**Instructions to follow**
Each and every line below goes into your answer unchanged, but leave out the images.

**Dataset excerpt**
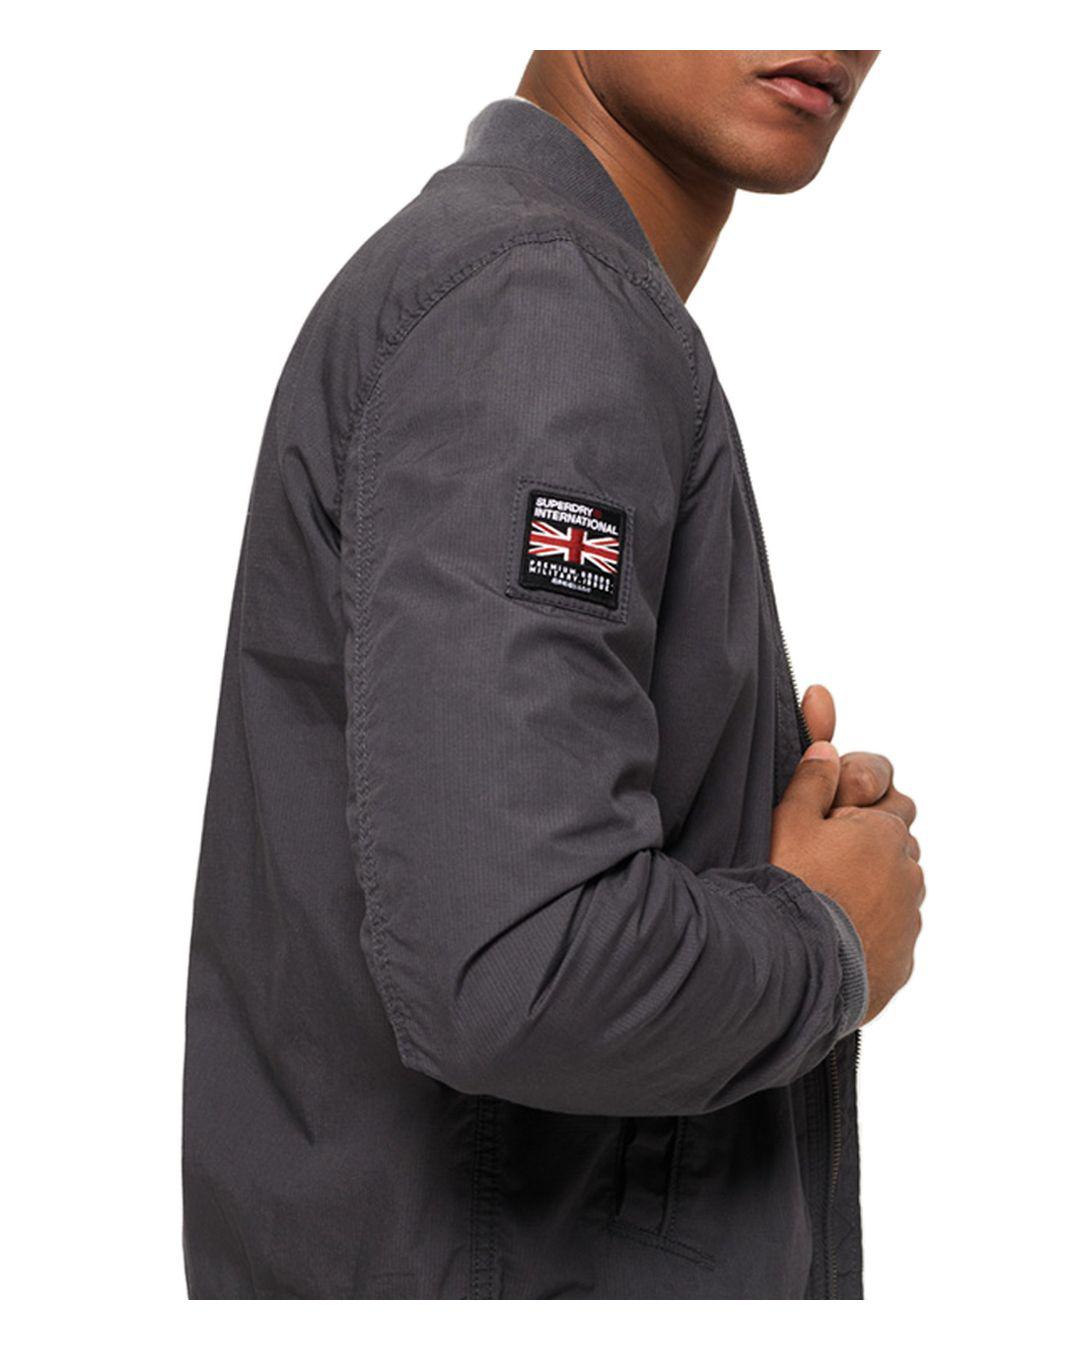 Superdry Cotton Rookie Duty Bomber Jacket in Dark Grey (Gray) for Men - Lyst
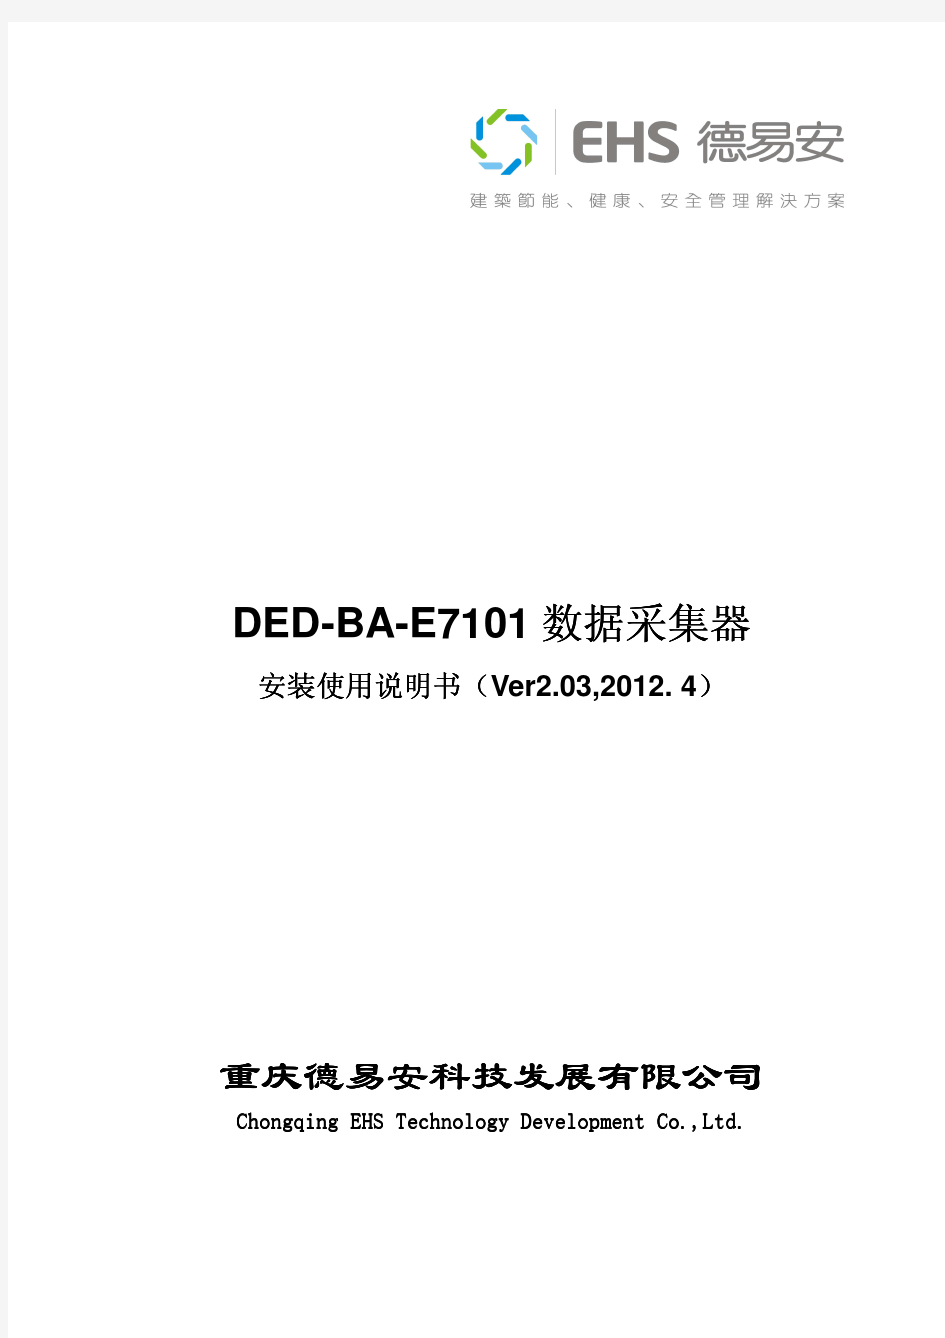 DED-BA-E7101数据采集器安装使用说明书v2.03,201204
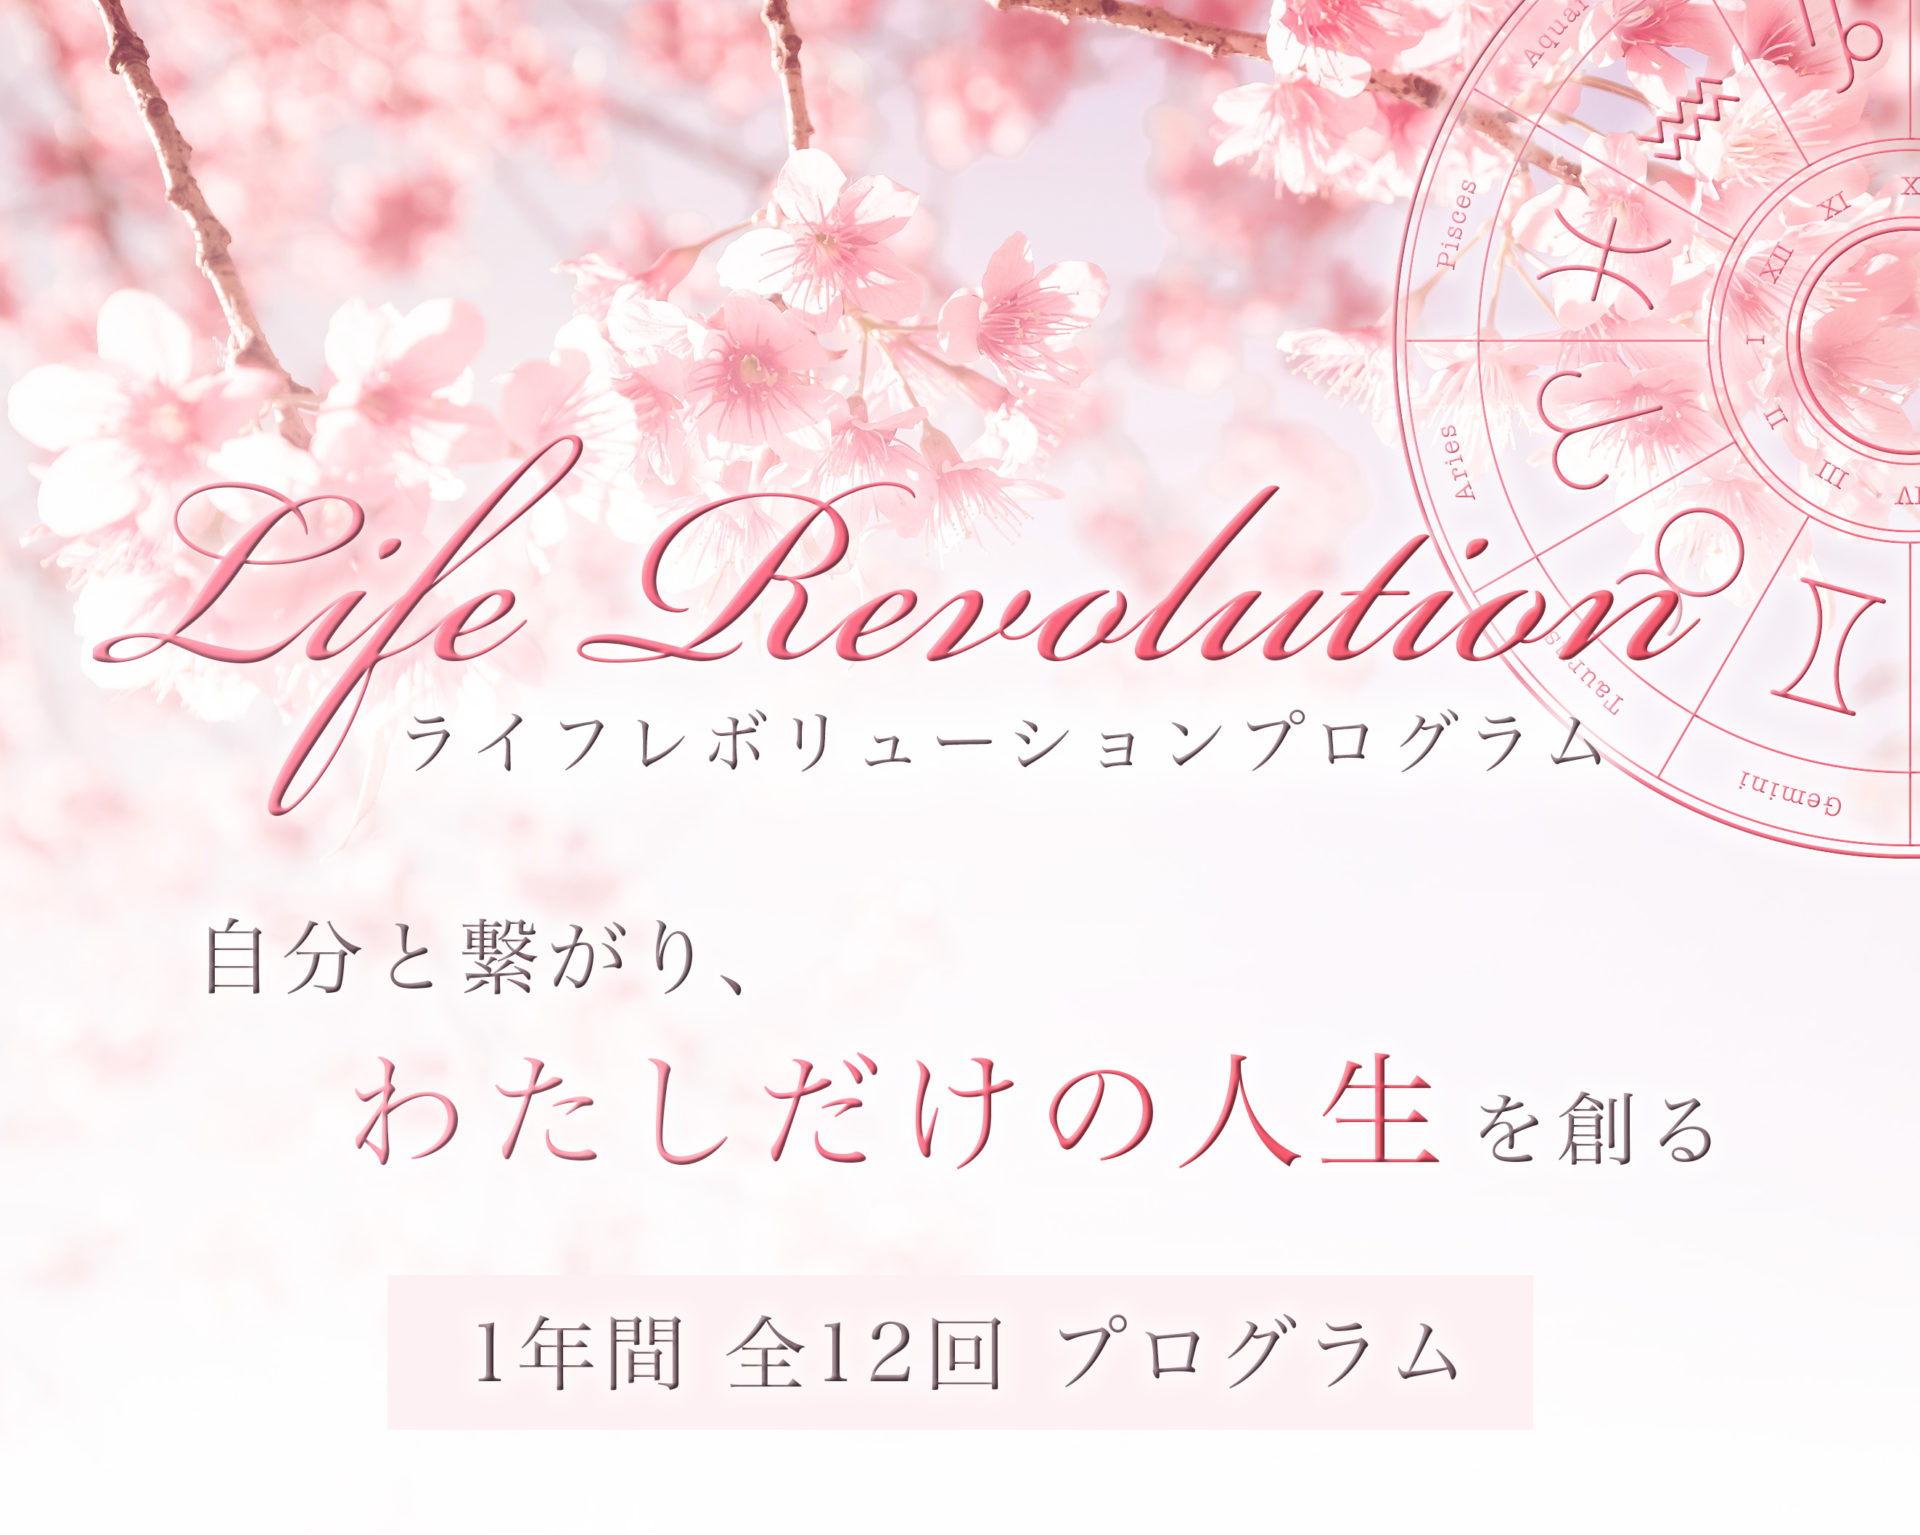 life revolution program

**Solution**
 Superdry Cotton Rookie Duty Bomber Jacket in Dark Grey (Gray) for Men - Lyst
 DED-BA-E7101数据采集器安装使用说明书v2.03,201204
 life revolution program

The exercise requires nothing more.